All posts

Mocking and Stubbing in MCP App Tests: Simulations, Fixtures, and Patterns

Abe Wheeler
MCP Apps MCP App Testing MCP App Framework ChatGPT Apps ChatGPT App Testing Claude Connectors Claude Connector Testing Claude Connector Framework
Testing MCP Apps with mocks, stubs, and simulation files.

Testing MCP Apps with mocks, stubs, and simulation files.

Testing MCP Apps means testing across multiple layers: the host runtime (ChatGPT or Claude), the MCP protocol, your tool handlers, your resource components, and whatever external APIs your tools call. Each layer needs its own mocking strategy. If you mock at the wrong level, your tests either take forever or miss real bugs.

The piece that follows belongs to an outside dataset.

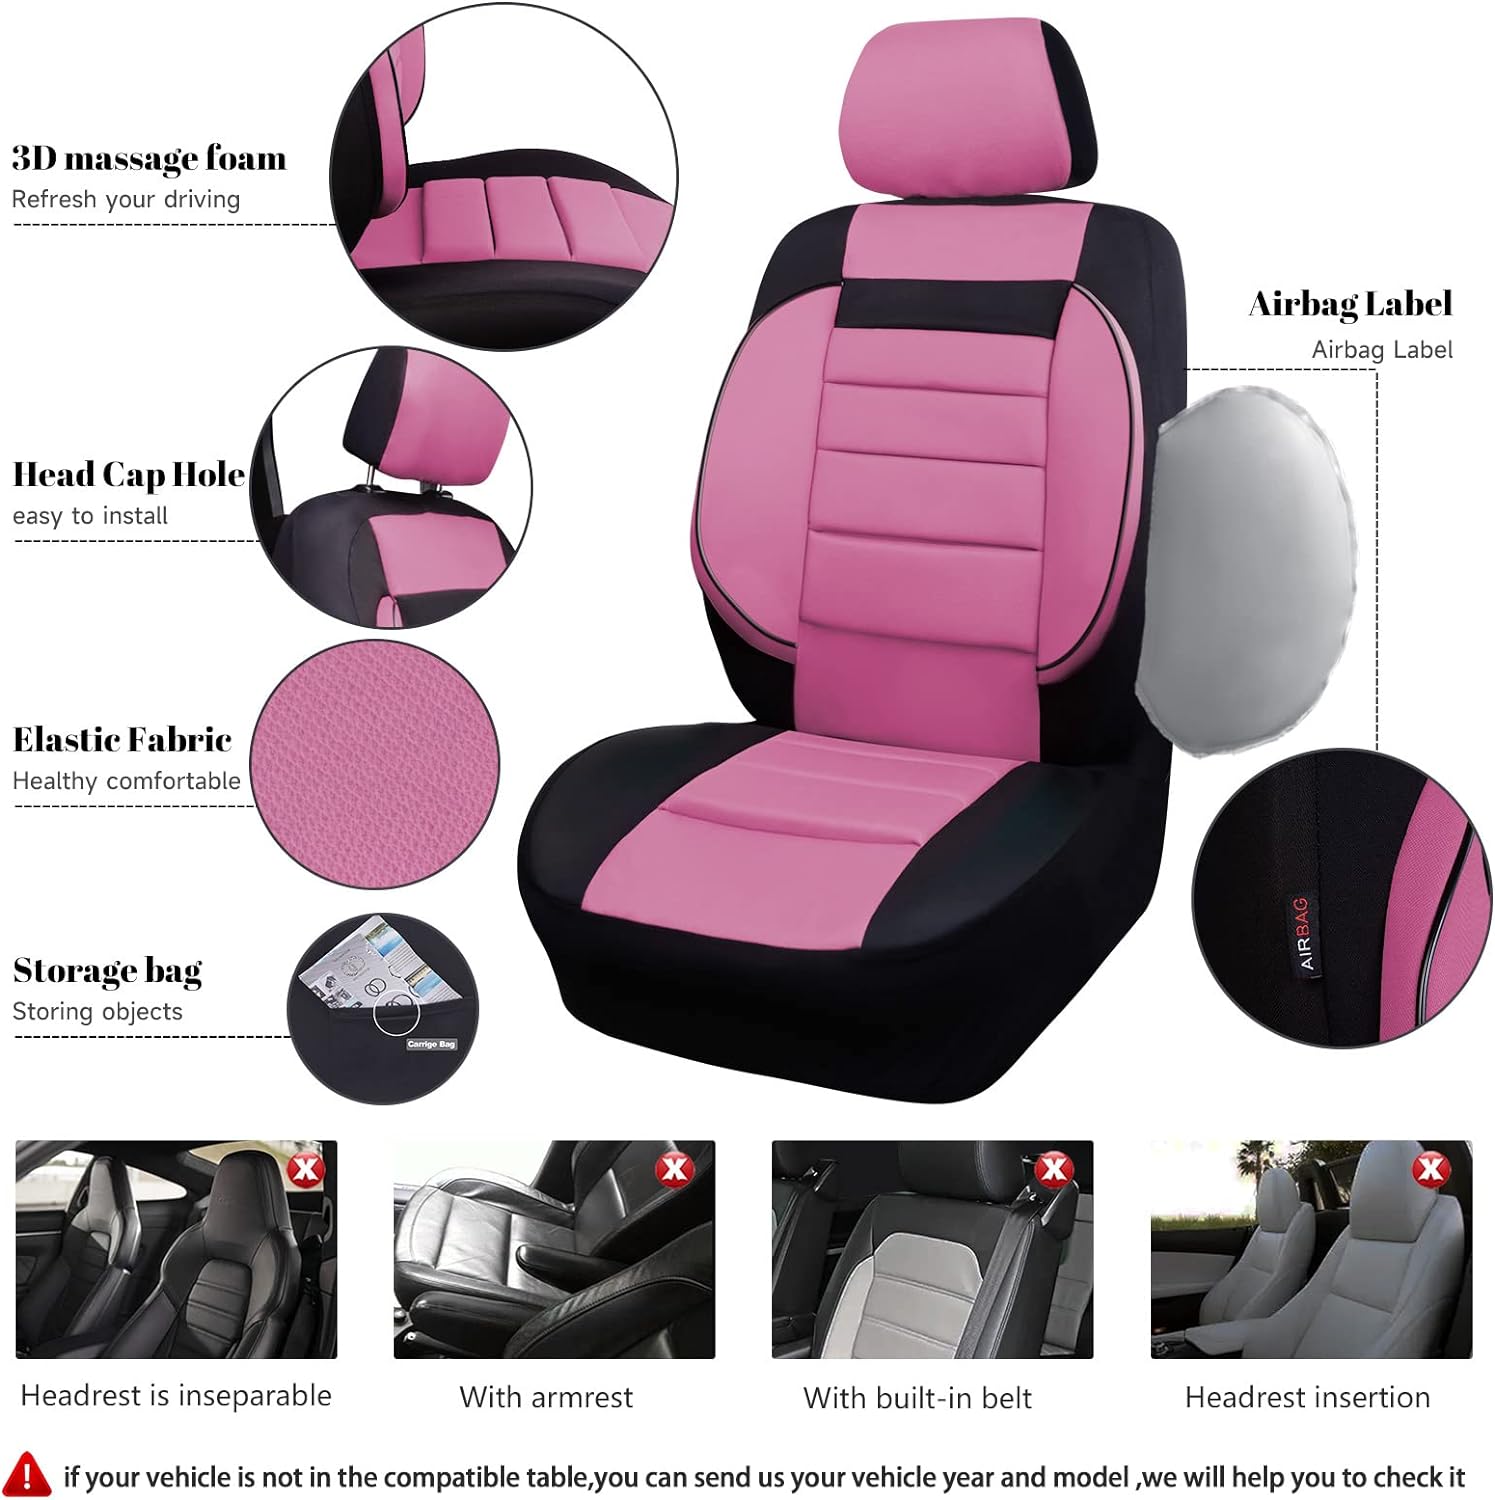 CAR PASS 6PCS 3D Foam Cushion Back Support Universal Fit Elegance Car Seat Covers Front Seats Only & Car Mats for Automotive SUV,Van,saden,Trucks Airbag Compatible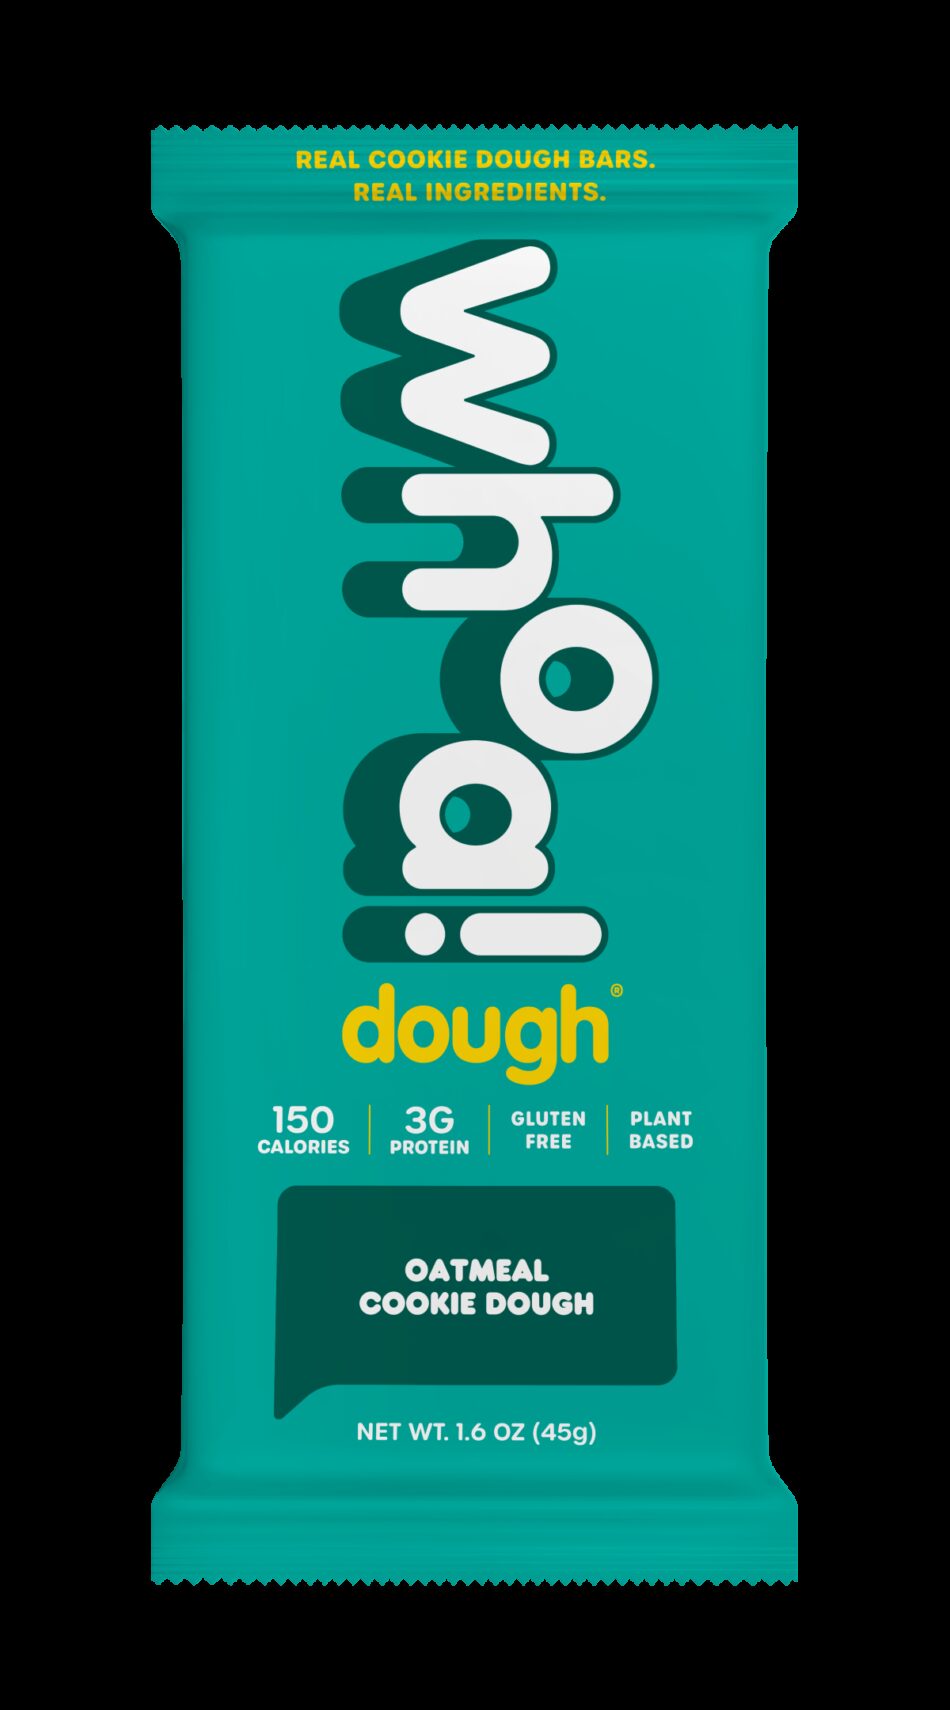 Whoa Dough Debuts New ‘Oatmeal Cookie Dough’ Flavor At Expo West

TL;DR: Use simulation files for deterministic e2e states, vi.mock("sunpeak") for unit testing resource components, vi.mock() on your API modules for tool handler tests, and the inspector fixture from sunpeak/test for full e2e tests that mock the host runtime. All of this runs locally and in CI without paid accounts.

The Four Layers You Need to Mock

An MCP App has four layers that interact during a tool call, and each one needs a different mocking approach:

  1. Host runtime (ChatGPT or Claude renders your resource component in an iframe)
  2. MCP protocol (the host calls your tool, your tool returns structured content)
  3. Tool handler (your server-side function that processes arguments and calls APIs)
  4. External services (databases, third-party APIs, your own backend)

Testing all four layers together against real hosts is slow, expensive, and flaky. Mocking lets you isolate each layer and test it independently.

Simulation Files: Deterministic Tool States

Simulation files are the foundation of MCP App testing. They’re JSON files that define a complete tool invocation with controlled inputs and outputs, so your resource component always gets the same data.

Put them in tests/simulations/ (project-level) or src/resources/<name>/simulations/ (resource-level). sunpeak auto-discovers any *.json file in these directories.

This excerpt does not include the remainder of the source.